**Exercise**
Please copy the lines below, exactly as they are, from the one with "The Real Deal: Black" through the one with "Sting Beach Club Embroidered Hoodie", and leave out the pictures.

**Extracted material**
----------------

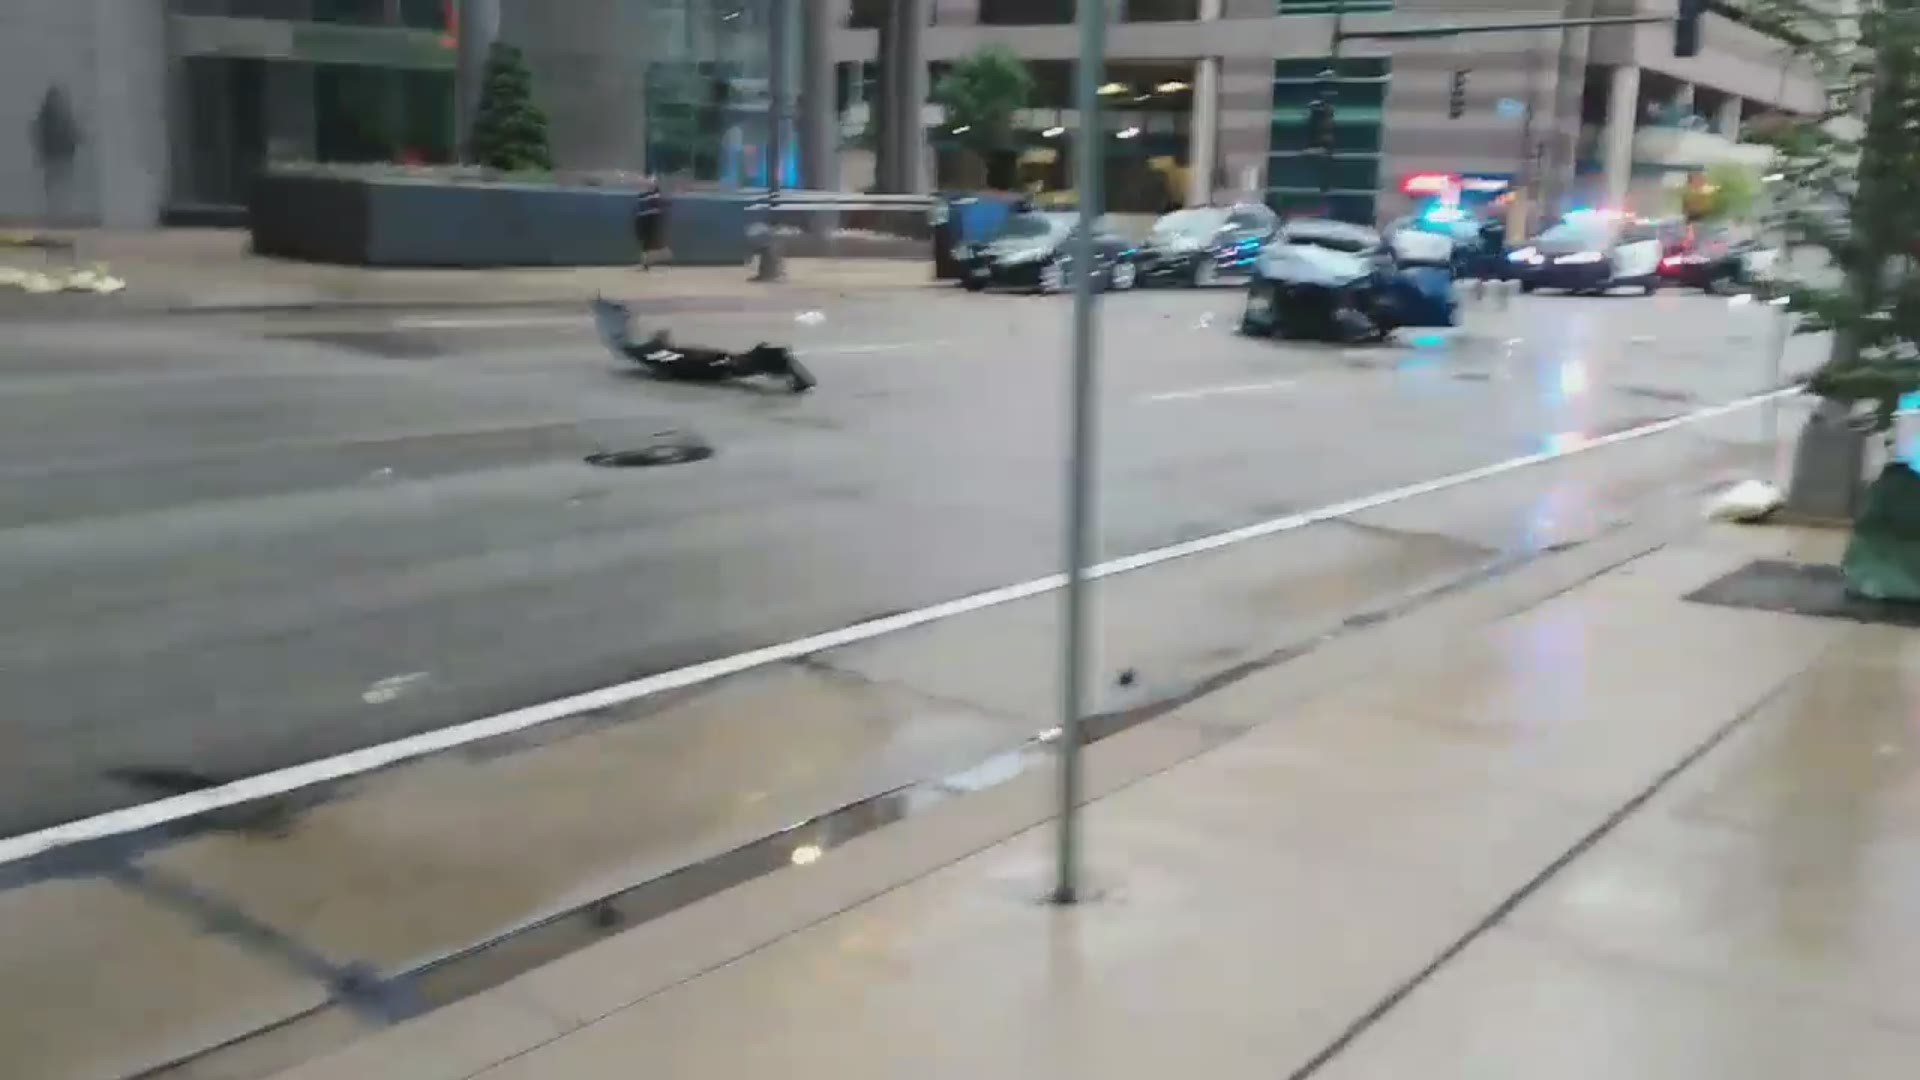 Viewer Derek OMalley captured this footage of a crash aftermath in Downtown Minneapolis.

----------------

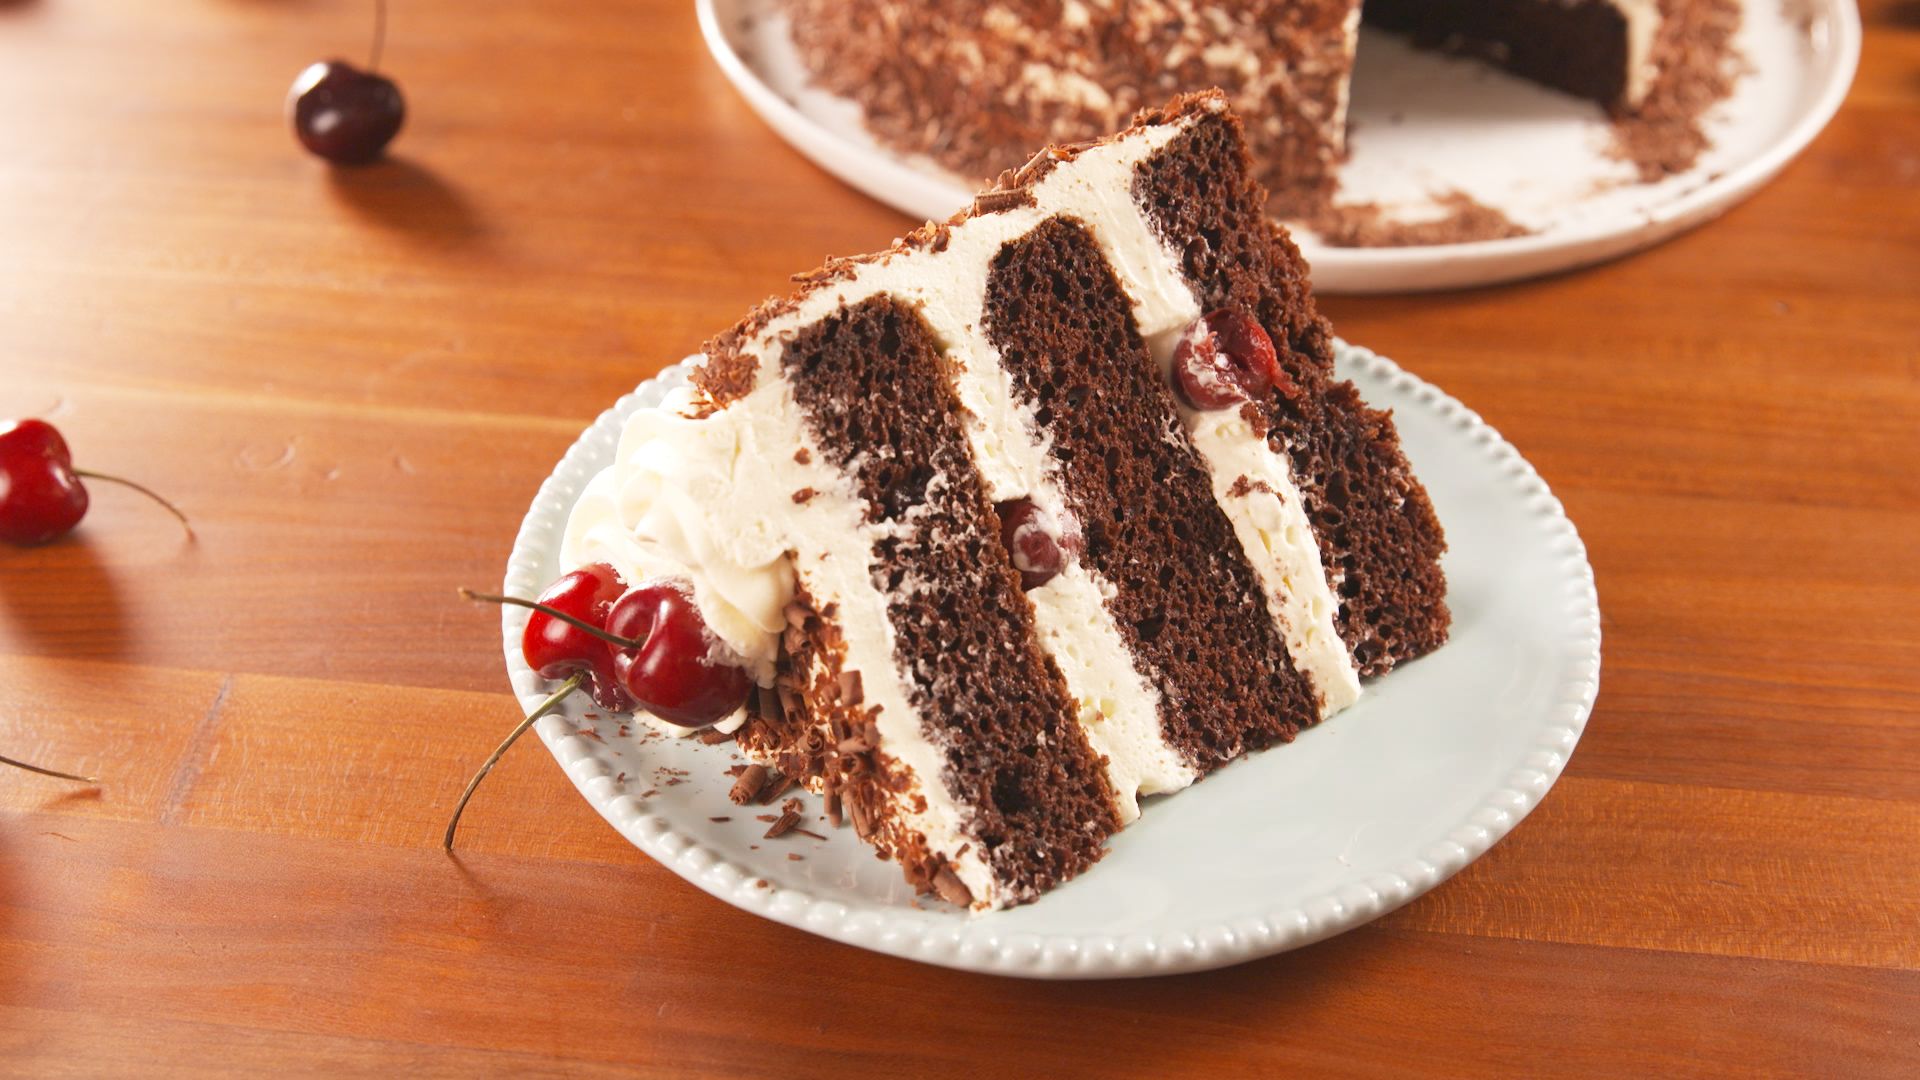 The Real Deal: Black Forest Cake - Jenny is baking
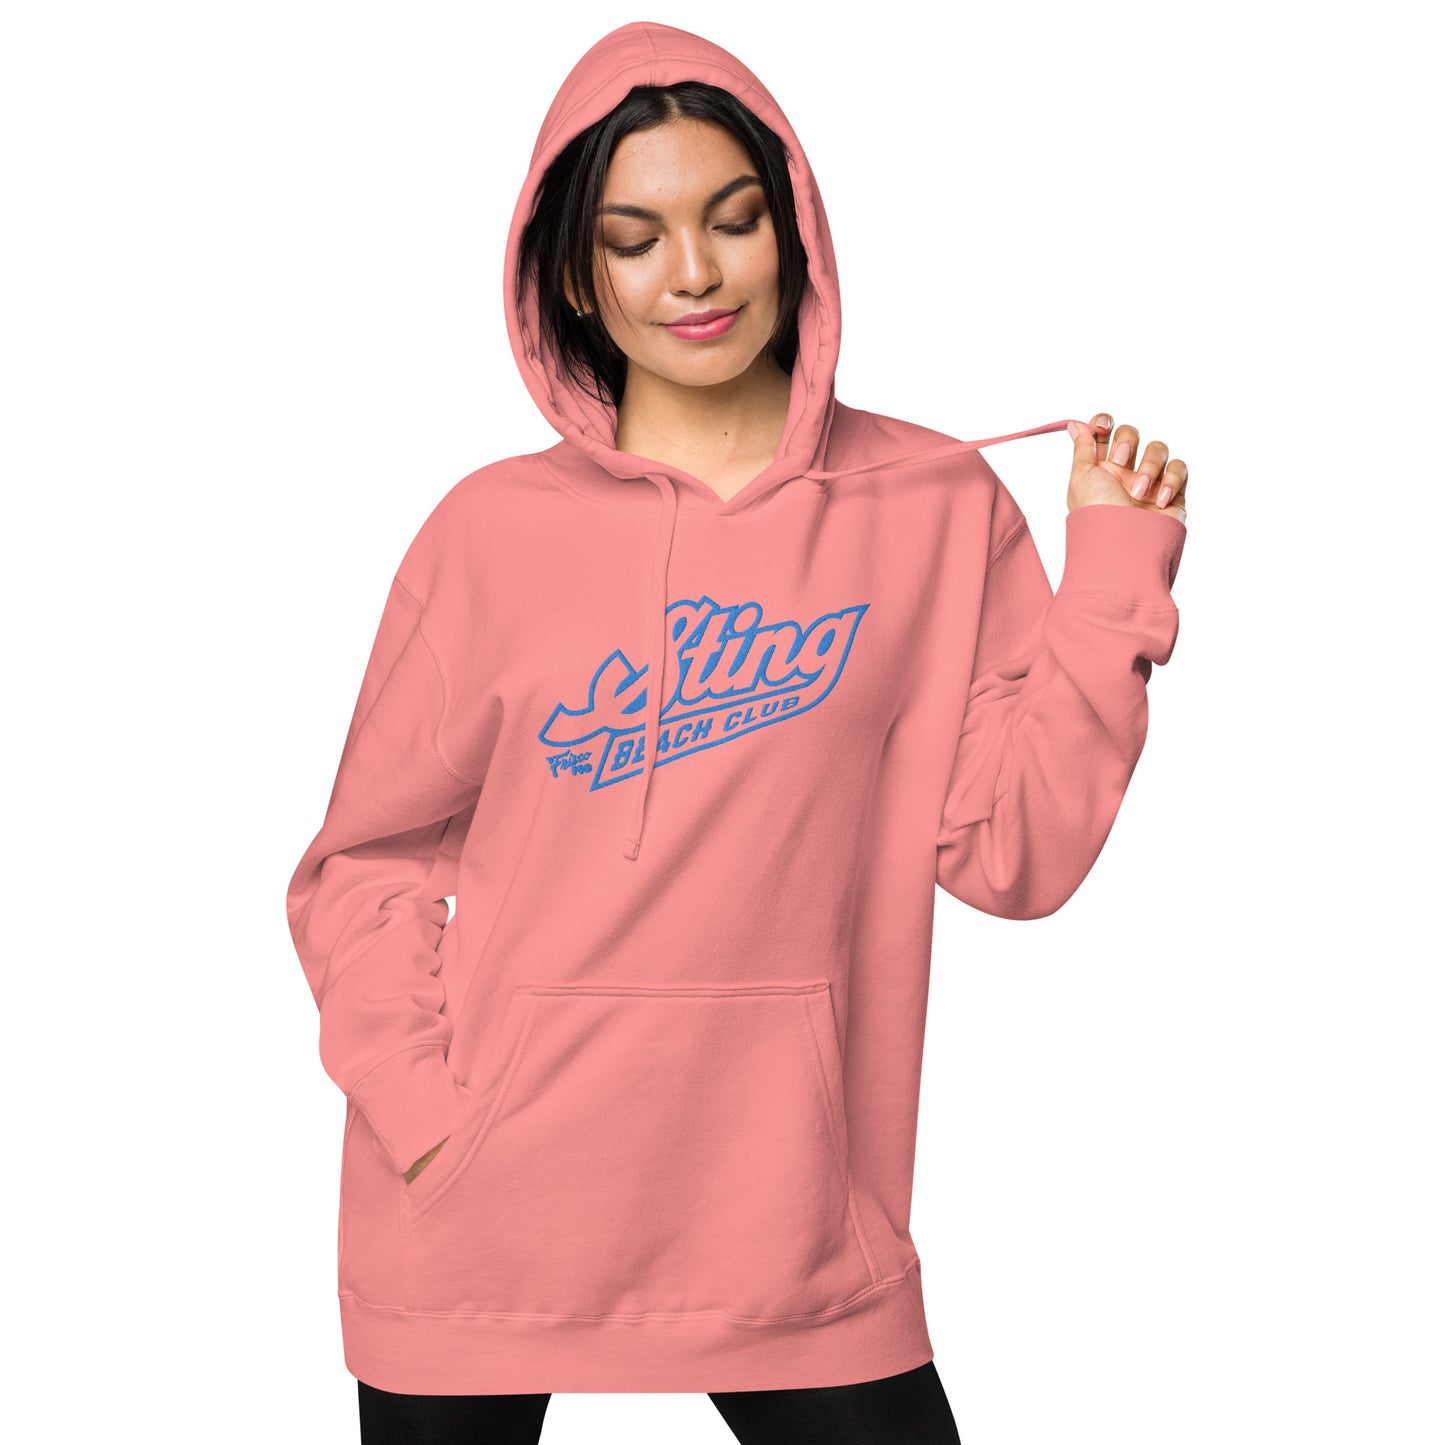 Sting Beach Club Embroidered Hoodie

----------------

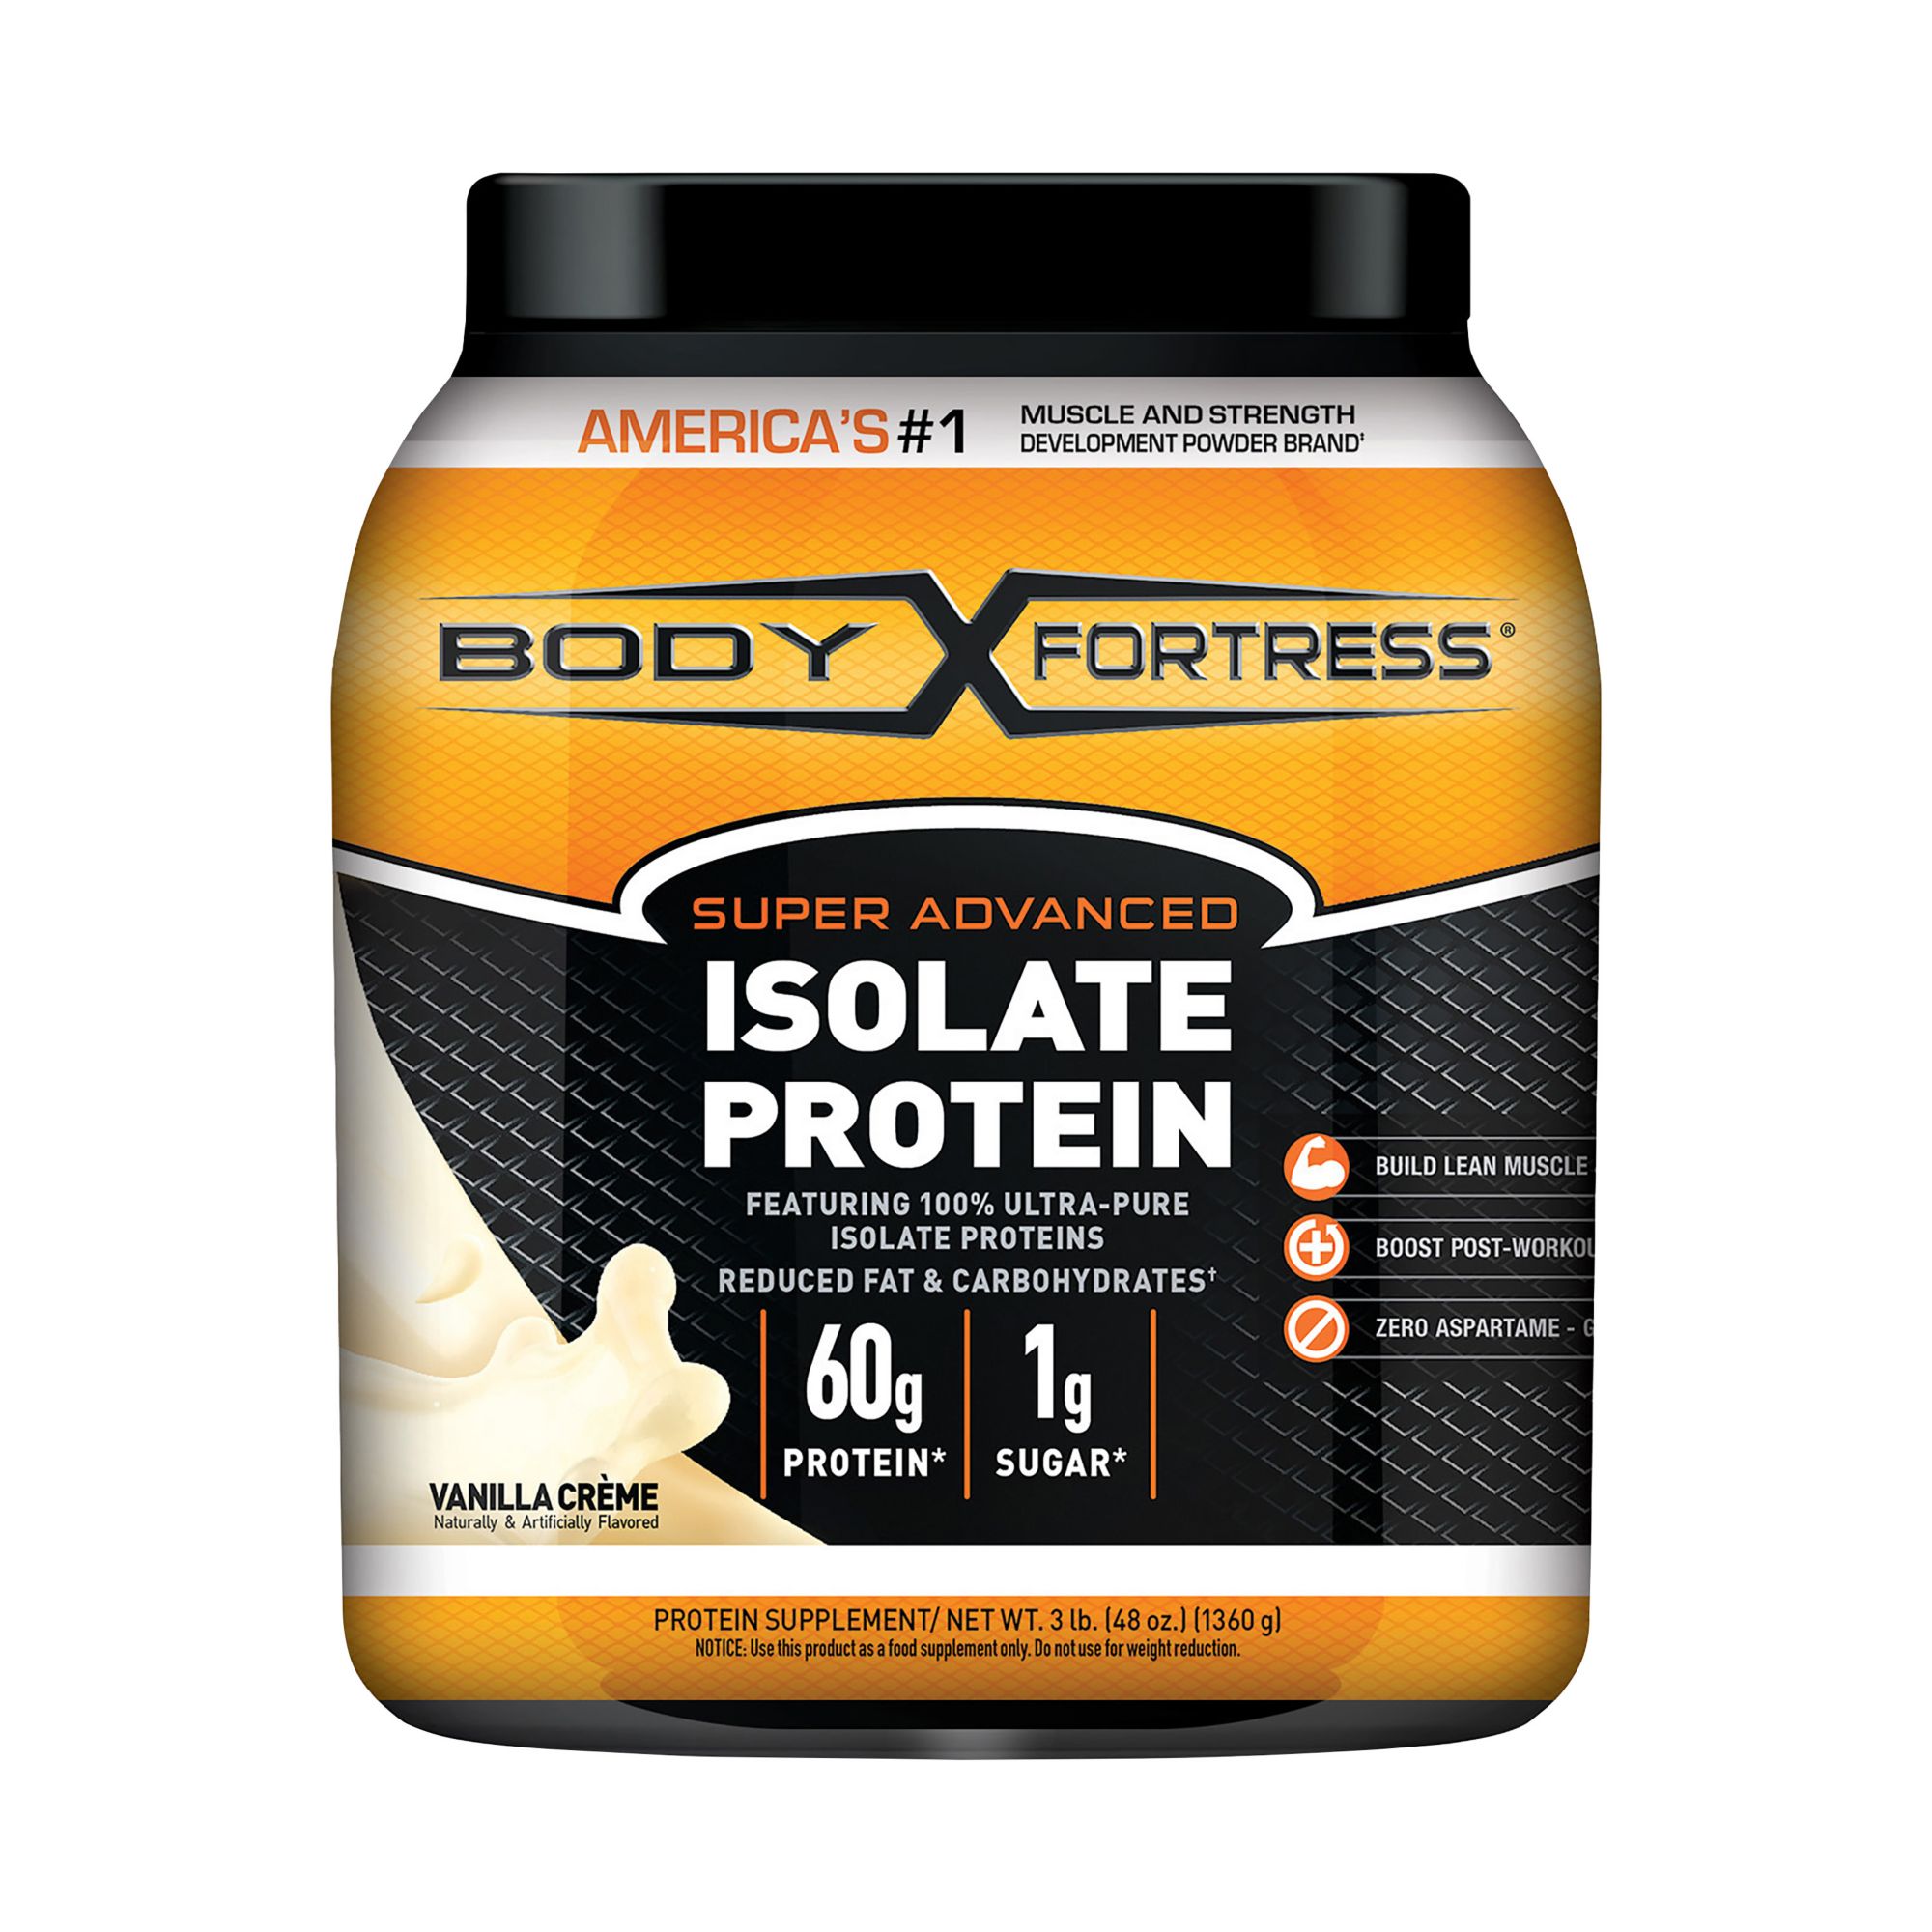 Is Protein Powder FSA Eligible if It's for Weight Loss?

----------------

**Answer section**
 The Real Deal: Black Forest Cake - Jenny is baking
 Sting Beach Club Embroidered Hoodie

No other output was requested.